3. The Test for Committal
[7] Section 548 of the Criminal Code mandates a committal if there is "sufficient evidence" to put the accused on trial. The test for sufficiency is the Shephard test: any evidence upon which a reasonable jury, properly instructed, could return a guilty verdict: United States v. Shephard, [1977] 2 S.C.R. 1067.
[8] Assessing the quality and the reliability of the evidence is not permitted at this stage of the proceedings; rather, the Crown's case is to be taken at its highest in those respects.
[9] The test for committal is the same whether the evidence is direct or circumstantial. However, the nature of the preliminary inquiry justice's task varies, depending on whether the Crown's case is based entirely on direct evidence or whether the Crown's case relies on circumstantial evidence. Where there is direct evidence of all of the essential elements of the offence, the task of the preliminary hearing justice is straightforward: there must be a committal for trial. The task is more complicated when the Crown relies on circumstantial evidence: R. v. Arcuri, 2001 SCC 54 at paras. 22-23.
[10] Where the Crown's case includes circumstantial evidence, the justice must engage in a limited weighing of the whole of the evidence, including any defence evidence, in order to determine whether a reasonable jury properly instructed could return a verdict of guilt of the charge alleged or of any lesser offence. While this weighing does not require consideration of the inherent reliability of the evidence itself, the preliminary inquiry justice must assess the reasonableness of the inferences that may be drawn from the circumstantial evidence. Where the Crown relies on circumstantial evidence, the question is whether the elements of the offence which the Crown has not proven by direct evidence may reasonably be inferred from the circumstantial evidence.
[11] To answer this question, the justice is required to engage in a limited weighing of the evidence, because with circumstantial evidence, there is, by definition, an inferential gap between the evidence adduced and the fact sought to be established. The issue is whether the evidence is rationally capable of supporting the inferences the Crown seeks to have drawn from it. It is for the jury to determine if the inferences should actually be drawn, but it is for the preliminary inquiry justice to determine whether the inferences alleged may reasonably be drawn.
[12] When determining if inferences may reasonably be drawn, the preliminary inquiry justice must weigh the evidence in a limited way. If the evidence is not rationally capable of supporting the inferences the Crown seeks to have drawn, it is not sufficient evidence to warrant committal.

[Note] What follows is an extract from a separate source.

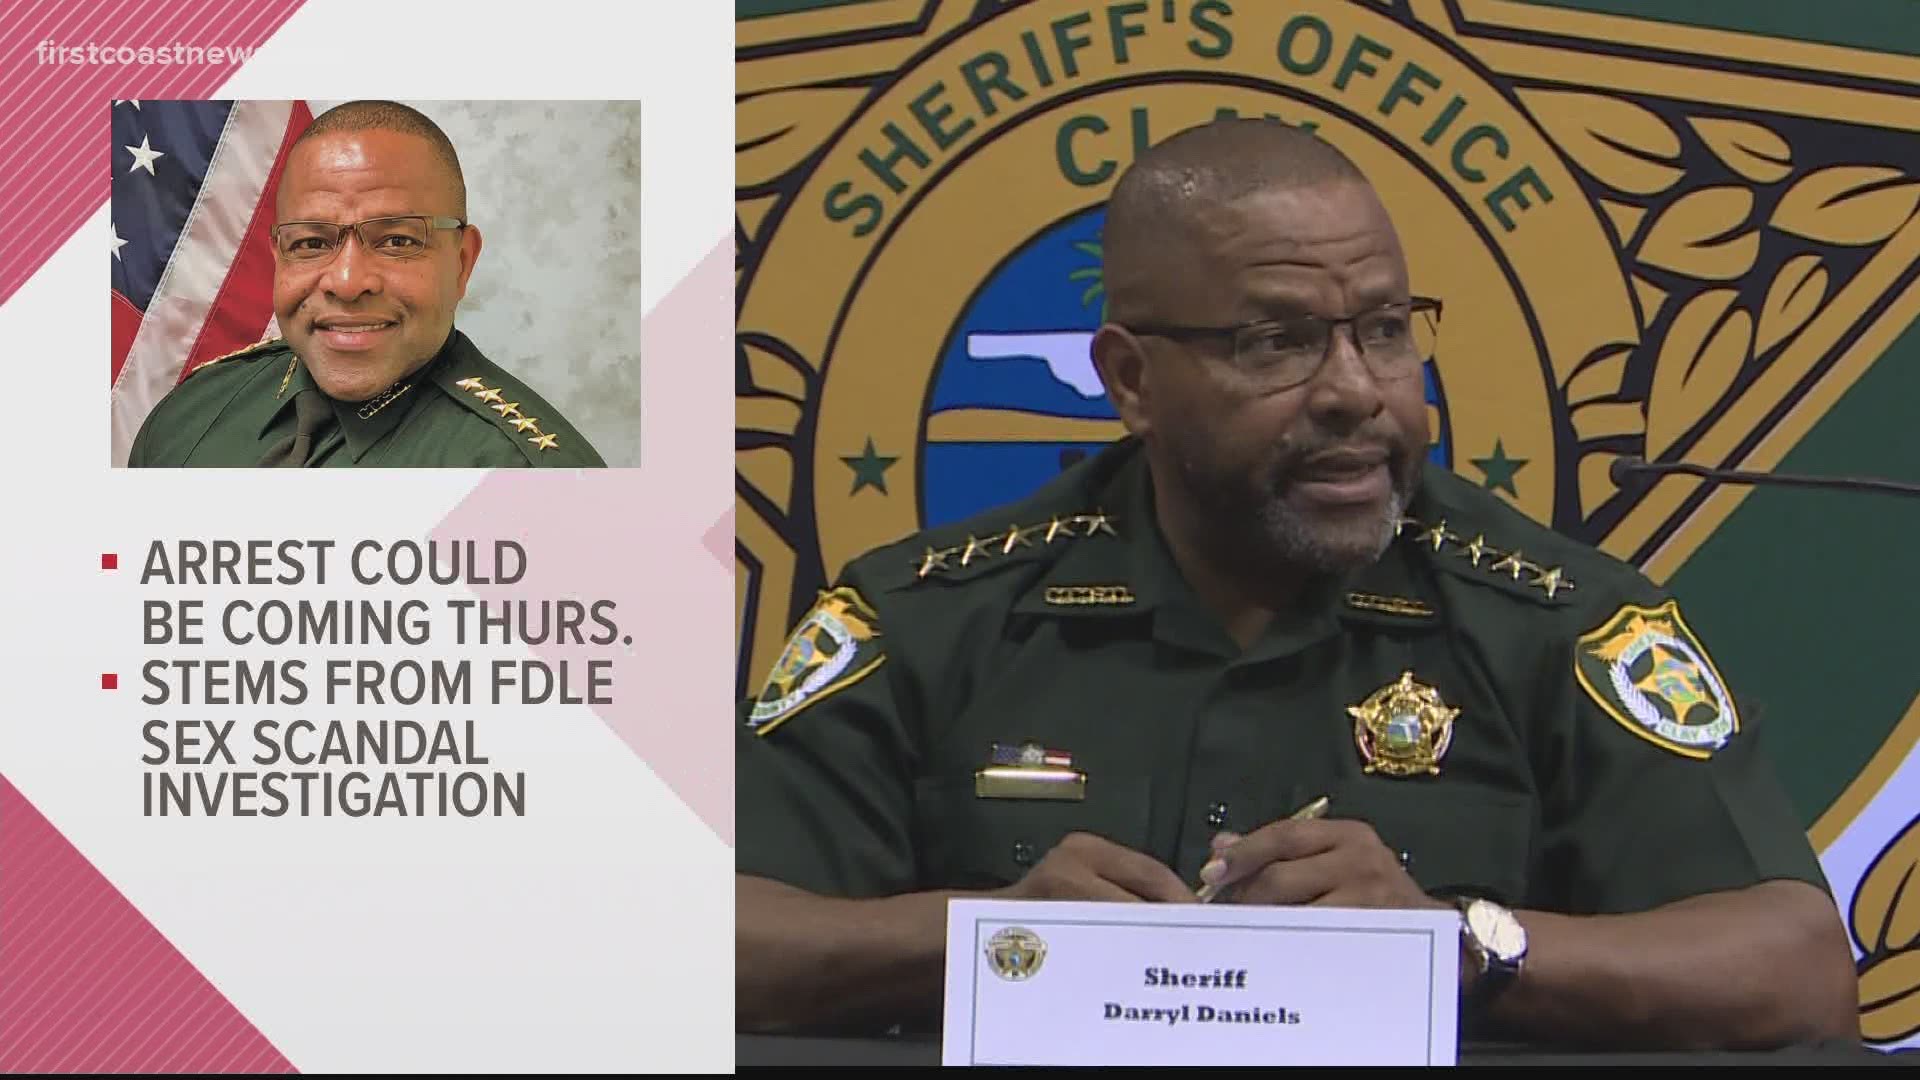 According to multiple law enforcement officials, including officers inside the CCSO, Sheriff Darryl Daniels could be arrested as soon as Thursday.

[13] As noted by Ducharme J. in R. v. Munoz, [2006] O.J. No 446 (ONSC) at para. 29, courts have repeatedly cautioned against confusing a reasonable inference with mere speculation. Where an inferential gap exists, it can only be properly overcome by evidence. At para. 31 he explains that "...the requirement of reasonable or logical probability is meant to underscore that the drawing of inferences is not a process of subjective imagination, but rather is one of rational explication. Supposition or conjecture is no substitute for evidence and cannot be relied upon as a basis for a reasonably drawn inference."
[14] In R. v. Charemski, [1998] 1 S.C.R. 679, McLachlin J., as she then was, stressed the relationship of the sufficiency test to the principle of reasonable doubt. She explained at paragraph 30:
First, "sufficient evidence" must mean sufficient evidence to sustain a verdict of guilt beyond a reasonable doubt; merely to refer to "sufficient evidence" is incomplete since "sufficient" always relates to the goal or threshold of proof beyond a reasonable doubt. This must constantly be borne in mind when evaluating whether the evidence is capable of supporting the inferences necessary to establish the essential elements of the case.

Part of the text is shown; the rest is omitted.